Eichenwald agreed that a reporter can never download or buy a
child-porn image. But he claimed that "viewing is slightly different.
I cannot knowingly hunt for an image - or images in general - that I
know to be illegal. But, in the course of my reporting, I came across
the model sites that struck me as clearly illegal." That, he wrote,
probably would make things OK because he told the authorities he had
an accident.

Really? He didn't know? Wasn't hunting? Please! Eichenwald notes in
his article that he found the illegal modeling sites "through on-line
advertising aimed at pedophiles" and through a link posted at
pedophile conversation sites to "forum postings and images." These
images were hyped with titillating phraseology. "Call 911 before
viewing!" said the come-on at one site, for a 9-year-old named
Sparkle. Eichenwald saw these dirty cues before he clicked his mouse.

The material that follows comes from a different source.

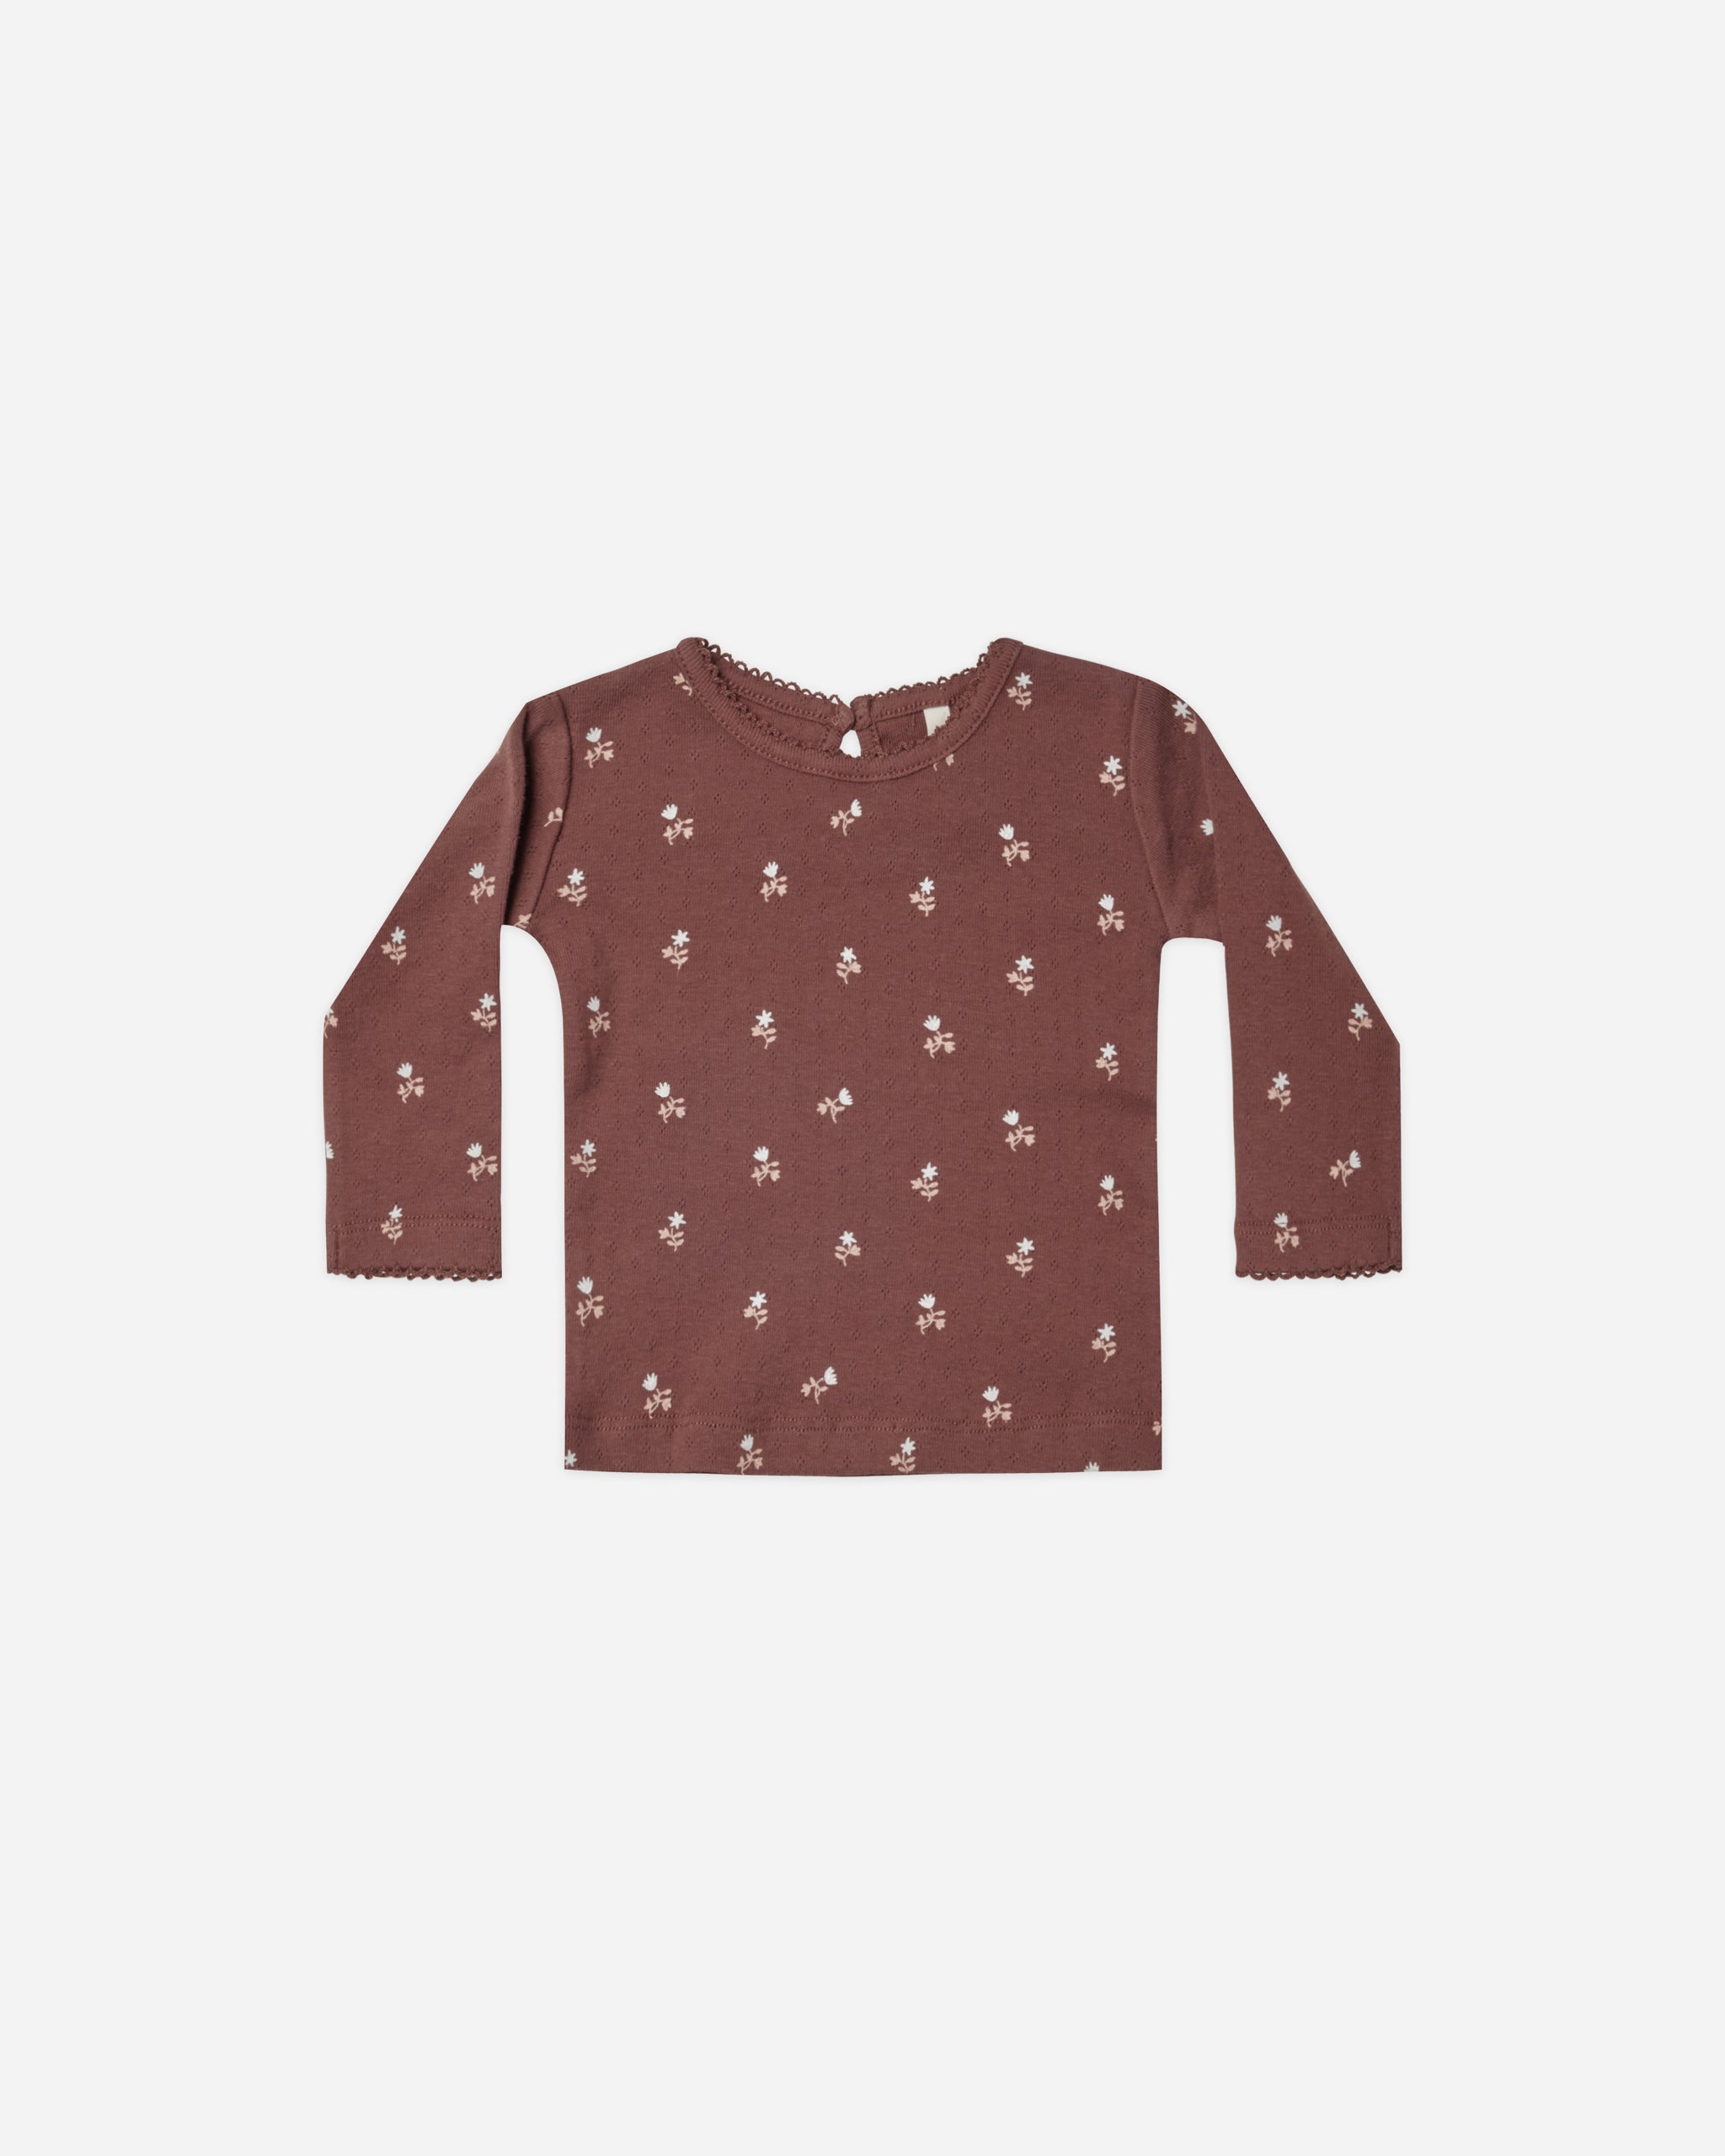 Pointelle Long Sleeve Tee || Plum Fleur - Rylee + Cru | Kids Clothes | Trendy Baby Clothes | Modern Infant Outfits |

Well, fine. Good for him and for the Times. But I want to go hunting
too, and I want my colleagues in the press to join me. I'm worried
that the government has declared an entire field of law enforcement
and public policy off-limits from empirical critique by academia and
the fourth estate. I want a process that allows non-governmental
investigators and journos to be vetted and qualified as child-porn
researchers. I'm not sure who would do the vetting or what the
criteria would be. Neither is Penn State's Jenkins. Still, says
Jenkins, if front-line research and reporting remains prohibited, "if
there's no garbage filter, no independent means for checking,
verifying or criticizing the government, that's very worrisome. As an
analogy, just imagine if every word we knew about terrorism came from
the FBI or the White House."

The comparison is hardly far-fetched. Post-9/11, the Patriot Act gives
police and prosecutors unprecedented rights: to search people's homes
without letting them know, to rifle through personal financial and
computer records, check on purchases from bookstores, and even monitor
which materials an individual has checked out of a library. Many
Americans are so troubled by the Patriot Act that hundreds of
communities have passed resolutions condemning it. But the government
says porn is one reason the act is needed.

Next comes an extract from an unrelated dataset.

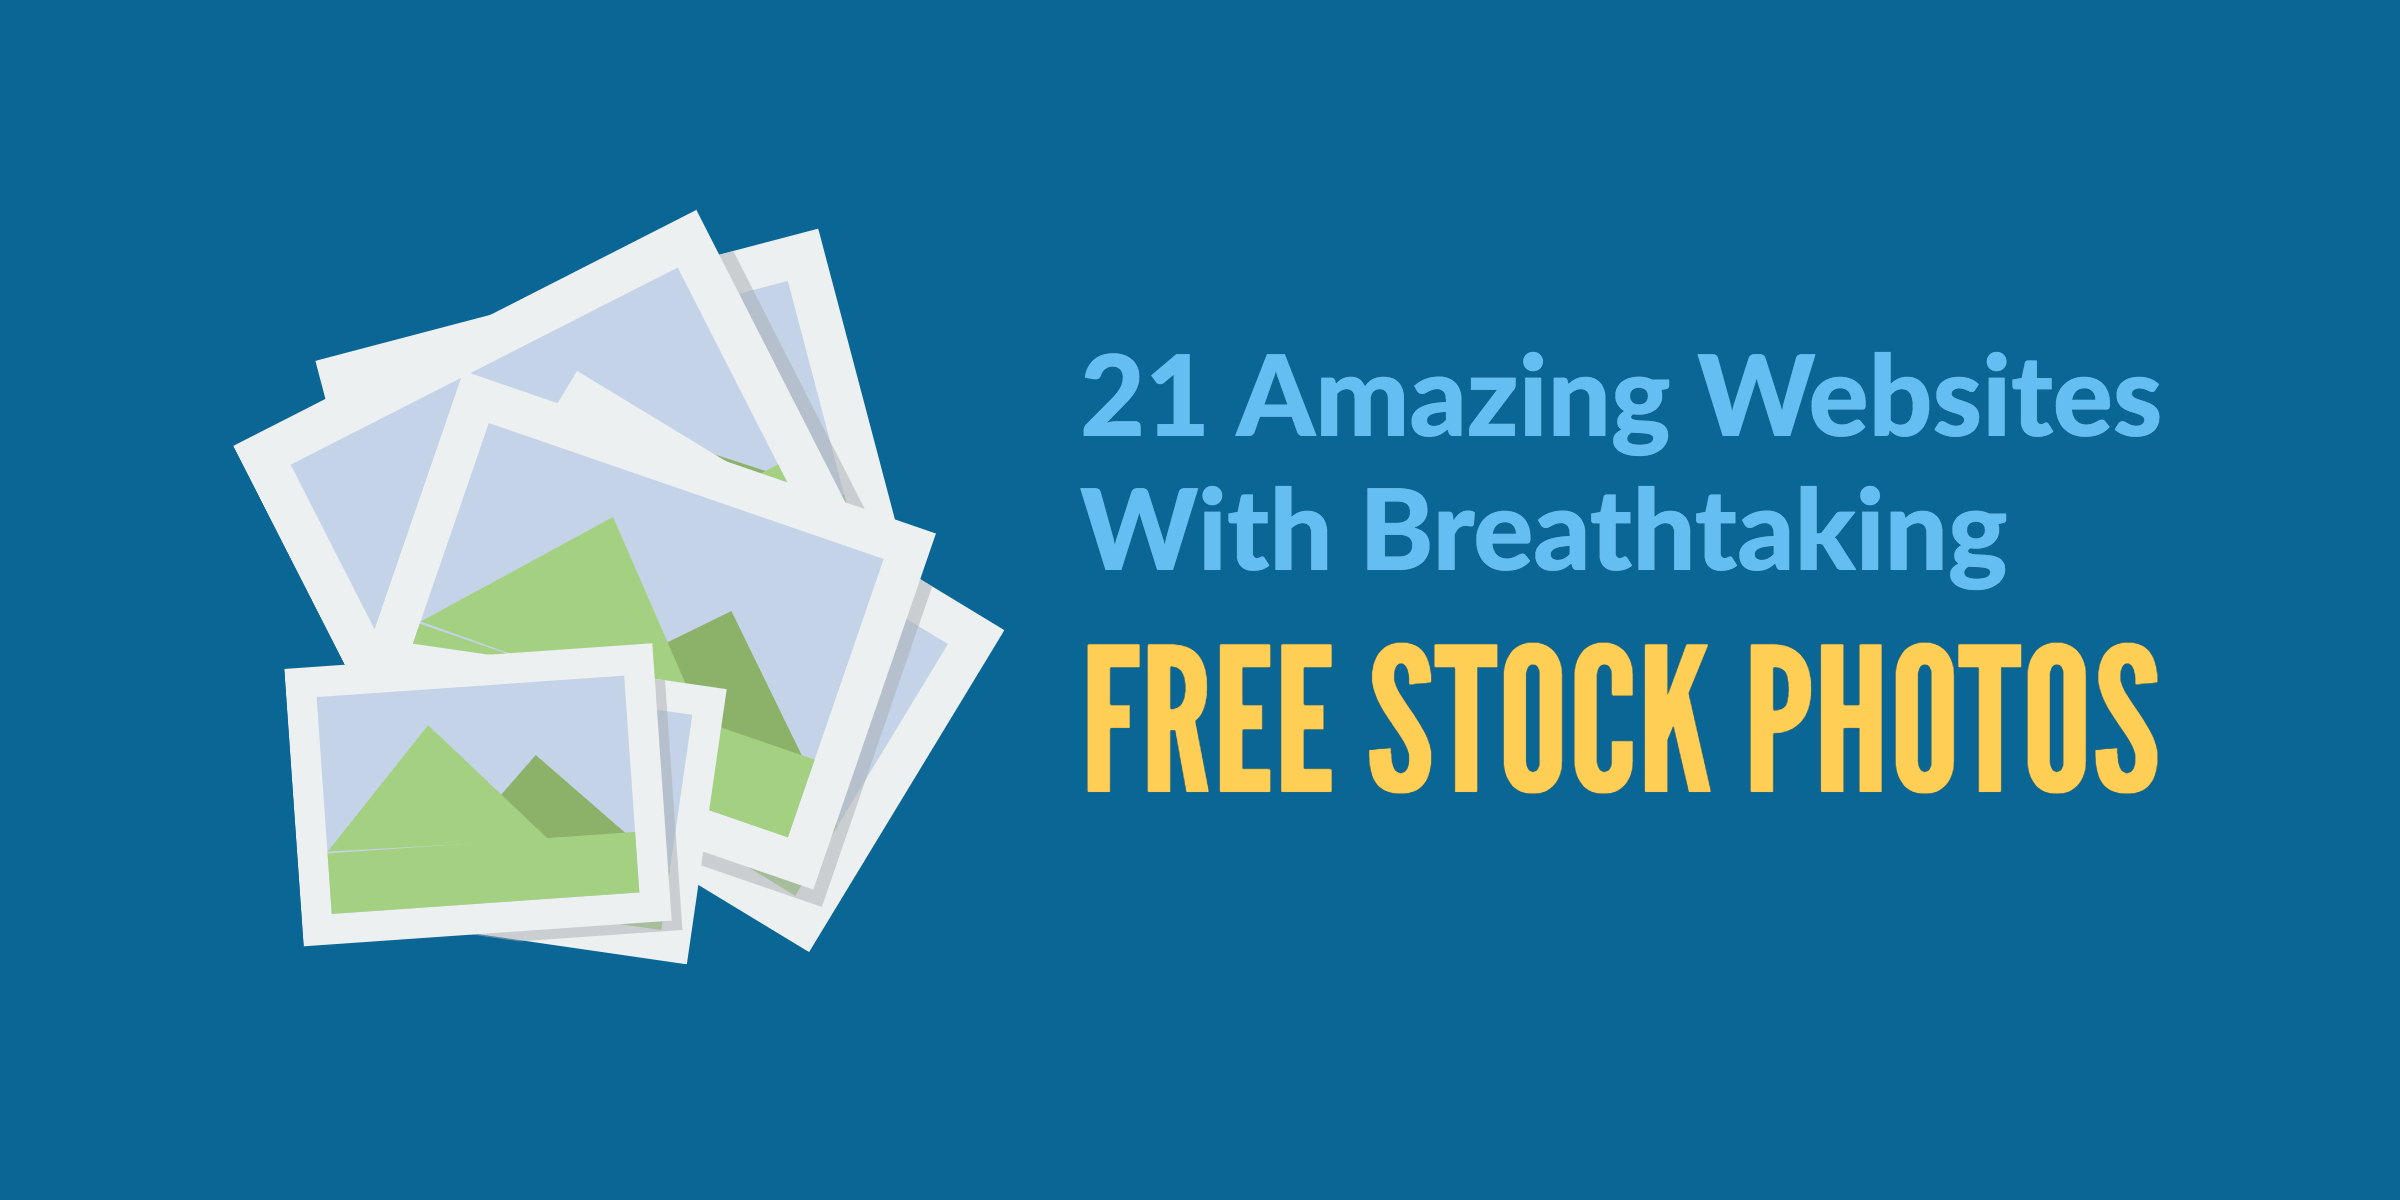 21 Amazing Sites With Breathtaking Free Stock Photos 2021 Update

In 2004, U.S. Attorney General John Ashcroft testified before Congress
that the Patriot Act had helped catch two Internet child
pornographers. It had enabled investigators to ask an Internet service
provider for the names of the criminals, then get a warrant to search
their houses. Later, some news sources found out that investigators
knew who the pornographers were and where they lived before they used
the Patriot Act. They had learned the old-fashioned, constitutional
way: by talking to a child victim and to an adult who had witnessed
wrongdoing. The Patriot Act had little or nothing to do with solving
the crime. But the government's claims at first got great, fluffy
press. Fluff, after all, is an easy response from reporters who are
frightened of looking on their own into the details and reality of
child porn.

In my e-mail to the Times' Eichenwald, I said I believe the government
should let journalists research the content of child porn sites, and
asked him for his thoughts. "I think perhaps the worst area to focus
on," he answered, "is news articles that closely examine the images
for the purpose of opining on their legality. There are so many other
valid stories in this area, it seems unnecessary to spend time on one
that will be defined by the courts, not by journalistic opinion."

I disagree. The government, including the courts, has often been as
irrational as the rest of society when it comes to children and sex -
and far more opportunistic. Child porn desperately needs not just
journalistic opinion, but journalistic fact as well. We need First
Amendment access to these images. They may be terrible to look at. But
not being able to look is even worse.